→ Raw data:
◇ ◇ ◇ ◇ ◇
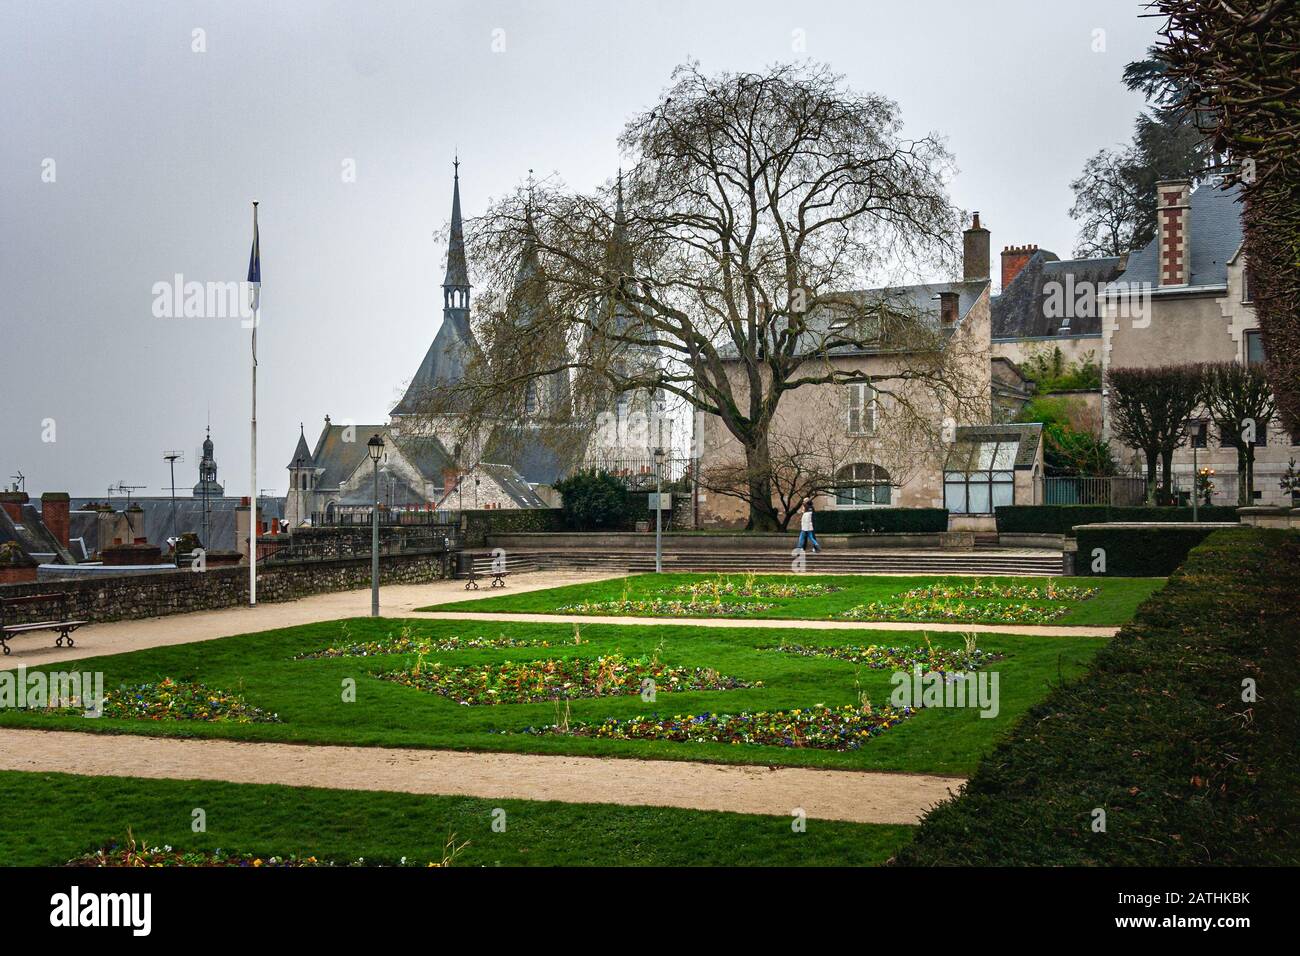 Saint-Nicolas church, public garden, Blois France Stock Photo
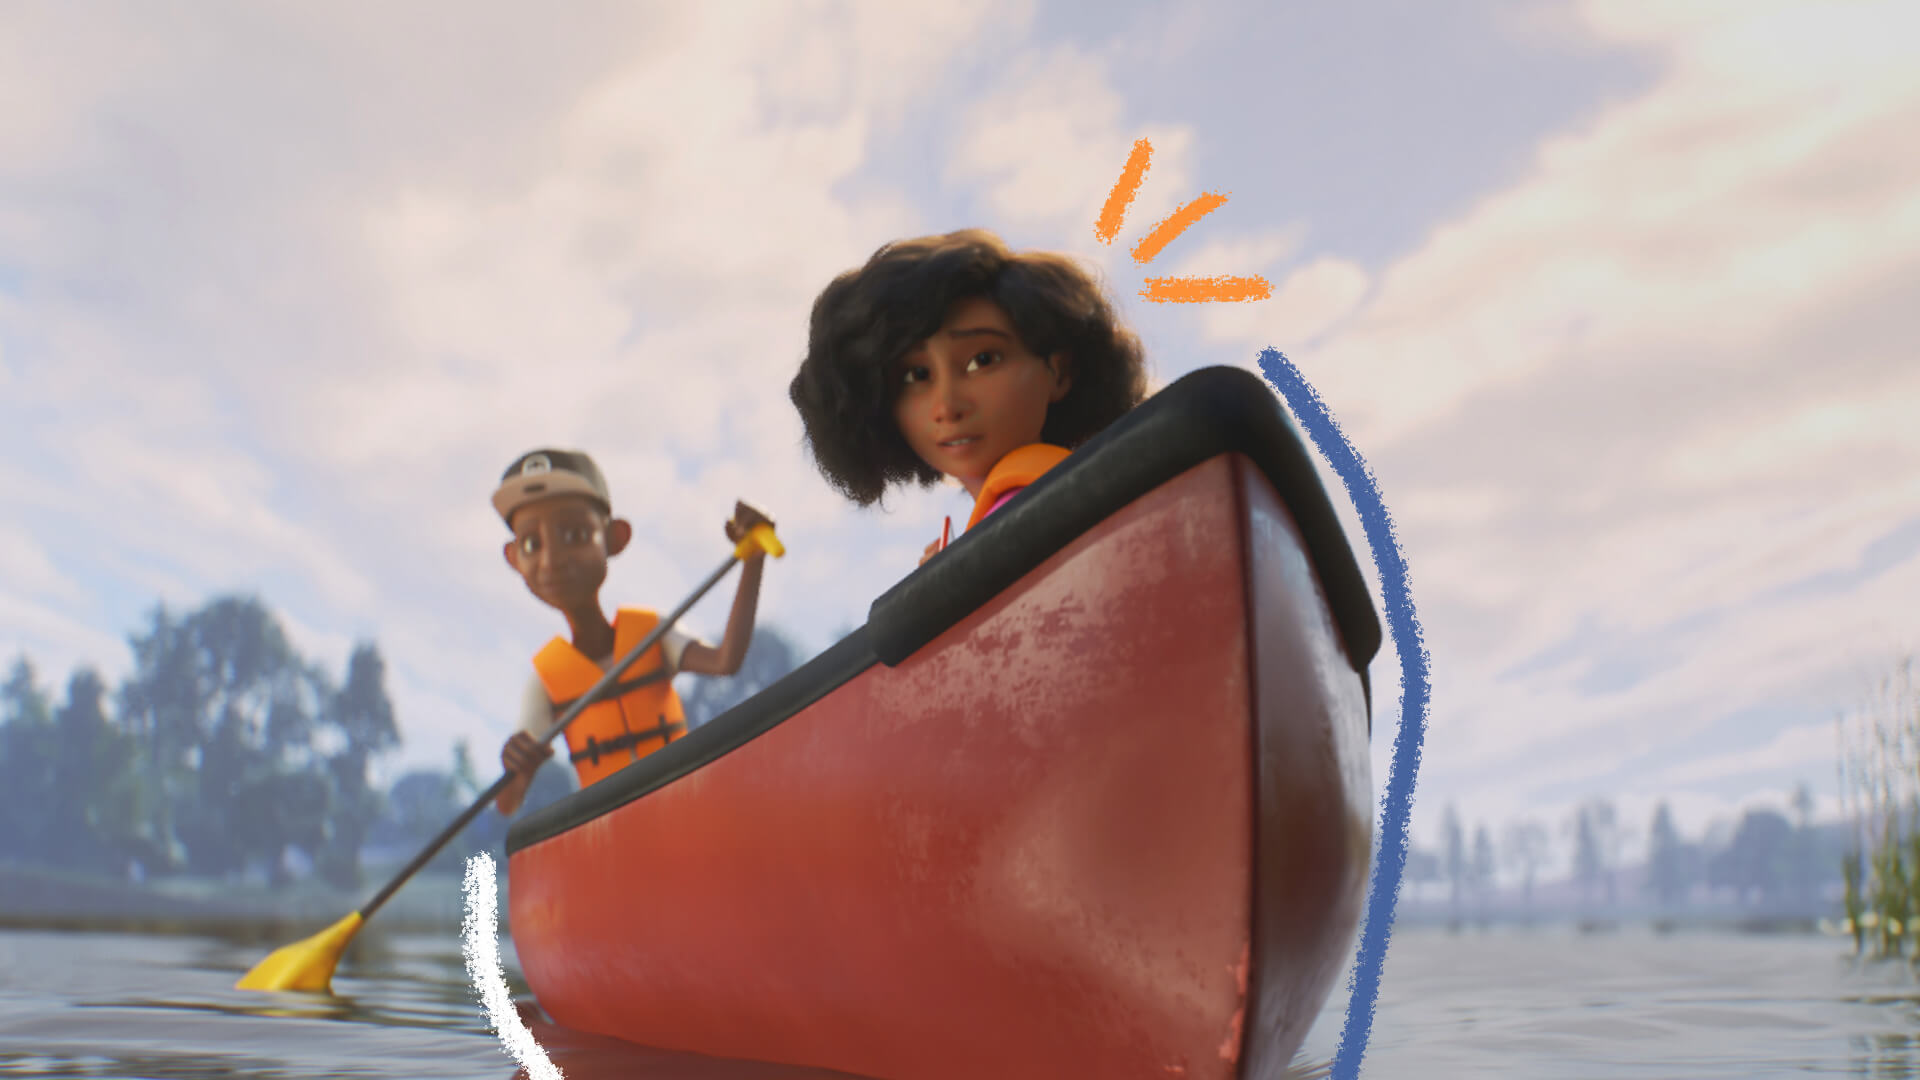 Cena da animação do filme Float, onde uma menina de pele negra e cabelos negros está em um barco em um rio. Do outro lado, o barqueiro rema
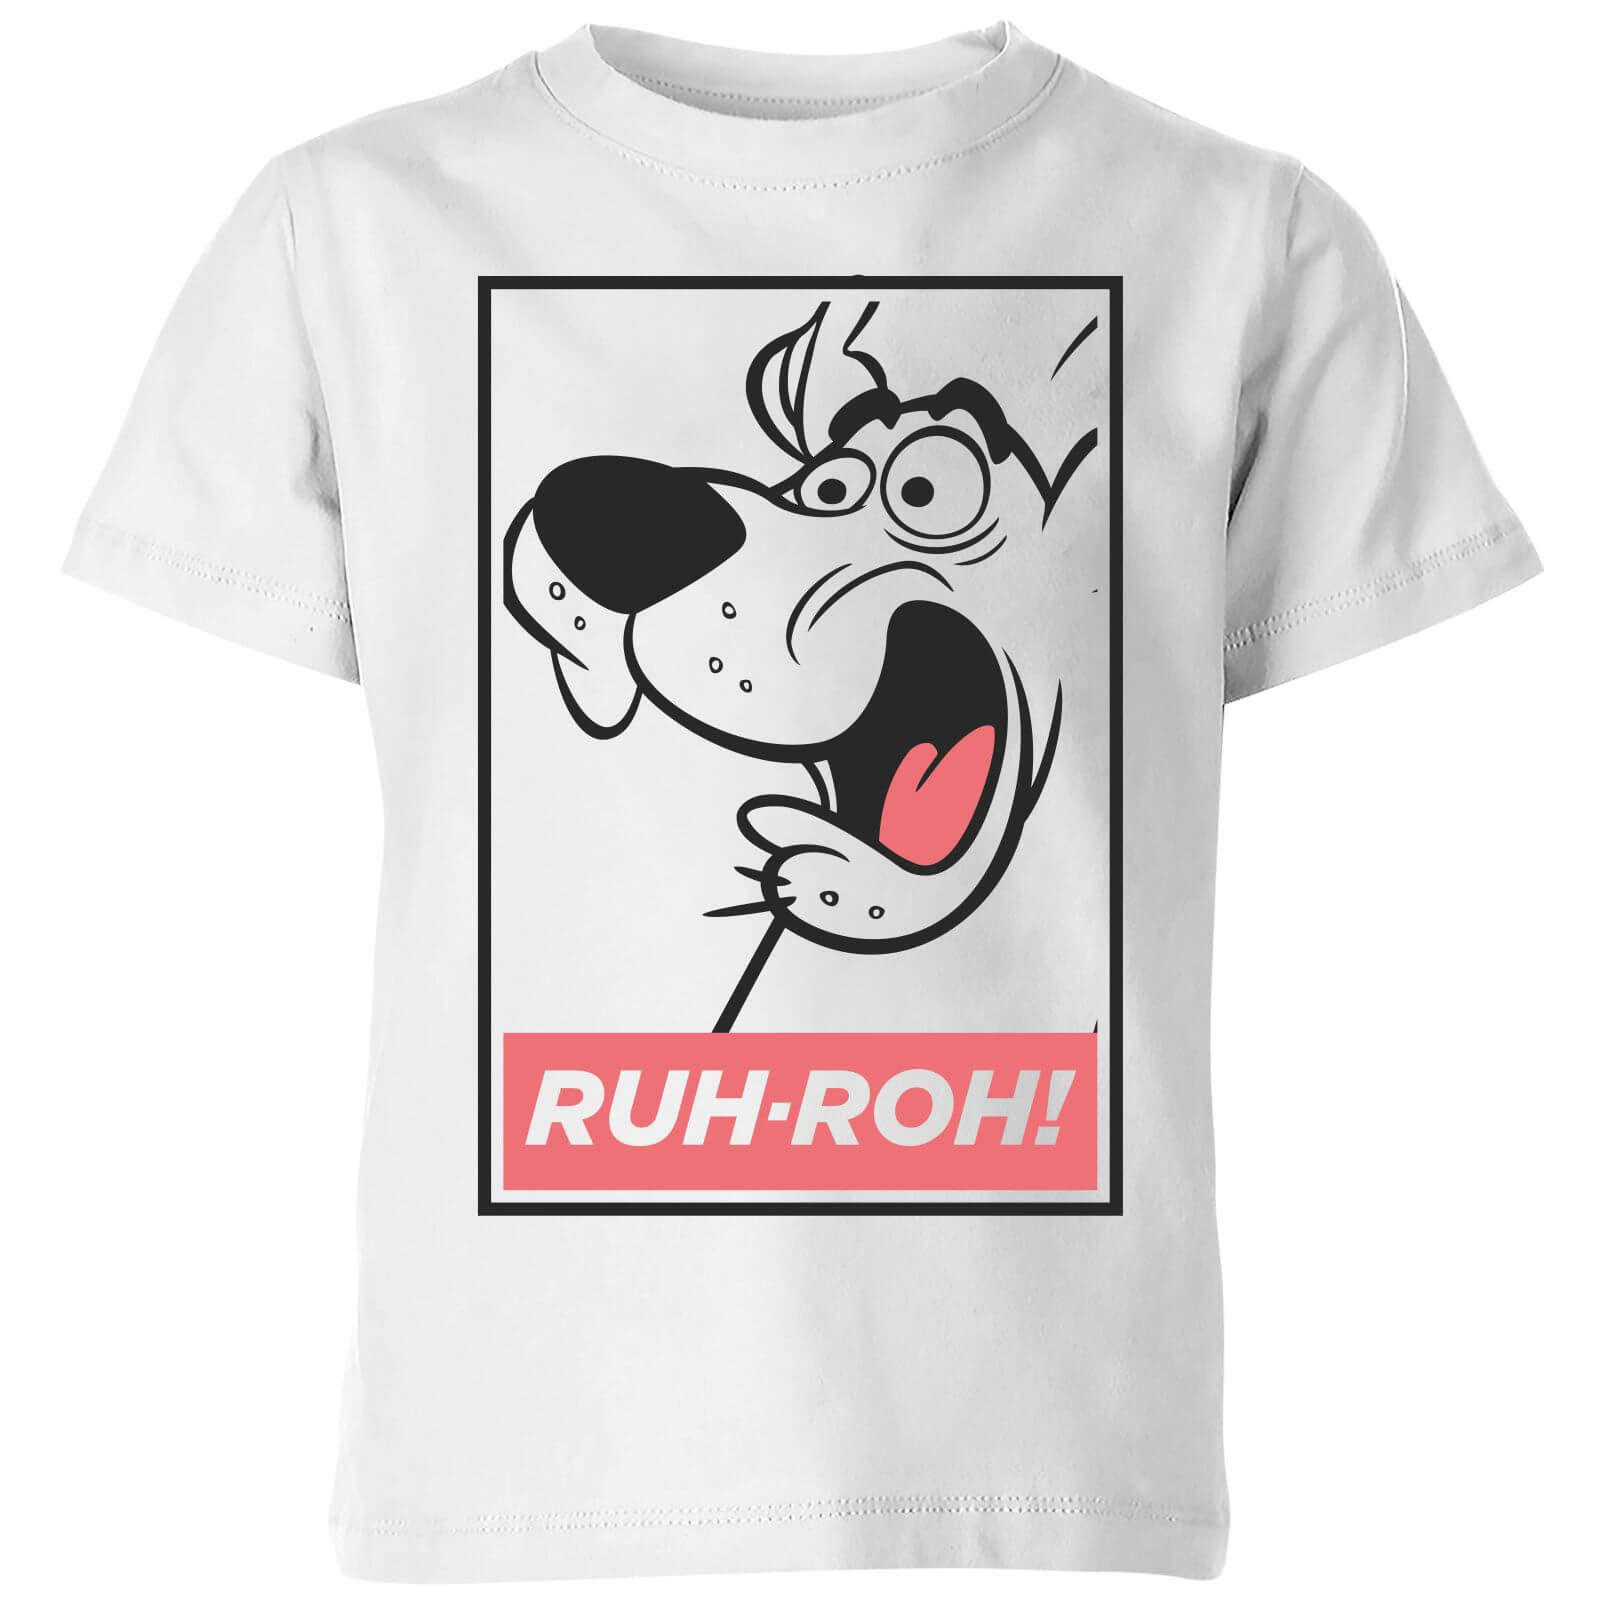 Scooby Doo Ruh-Roh! Kids' T-Shirt - White - 11-12 Years
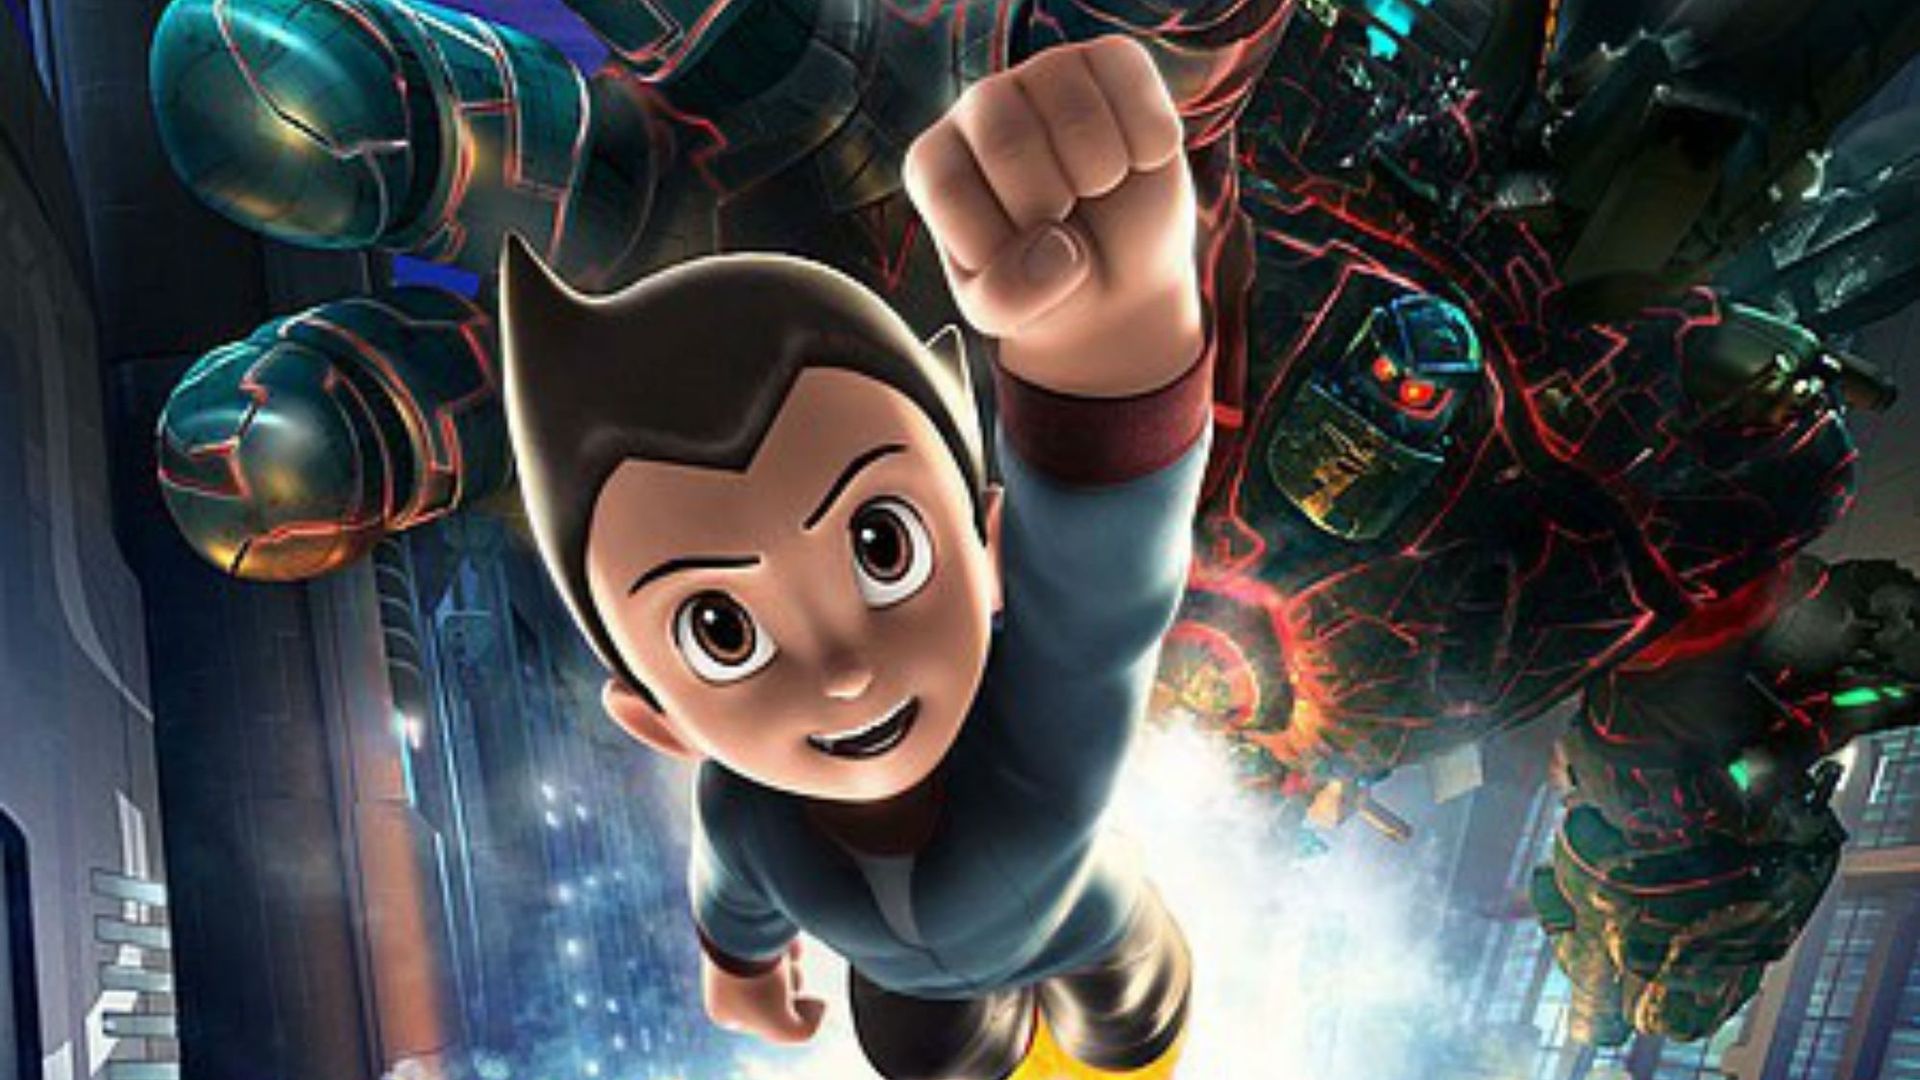 Astro Boy prendra forme humaine avec adaptation réelle avec des acteurs.
◇ ◇ ◇ ◇ ◇
→ What is being asked: Pick up at the line containing "Cena da animação" and copy each line exactly until the data ends, including that last line; copy no pictures.

→ Your solution:
 Cena da animação do filme Float, onde uma menina de pele negra e cabelos negros está em um barco em um rio. Do outro lado, o barqueiro rema
 Scooby Doo Ruh-Roh! Kids' T-Shirt - White - 11-12 Years
 Astro Boy prendra forme humaine avec adaptation réelle avec des acteurs.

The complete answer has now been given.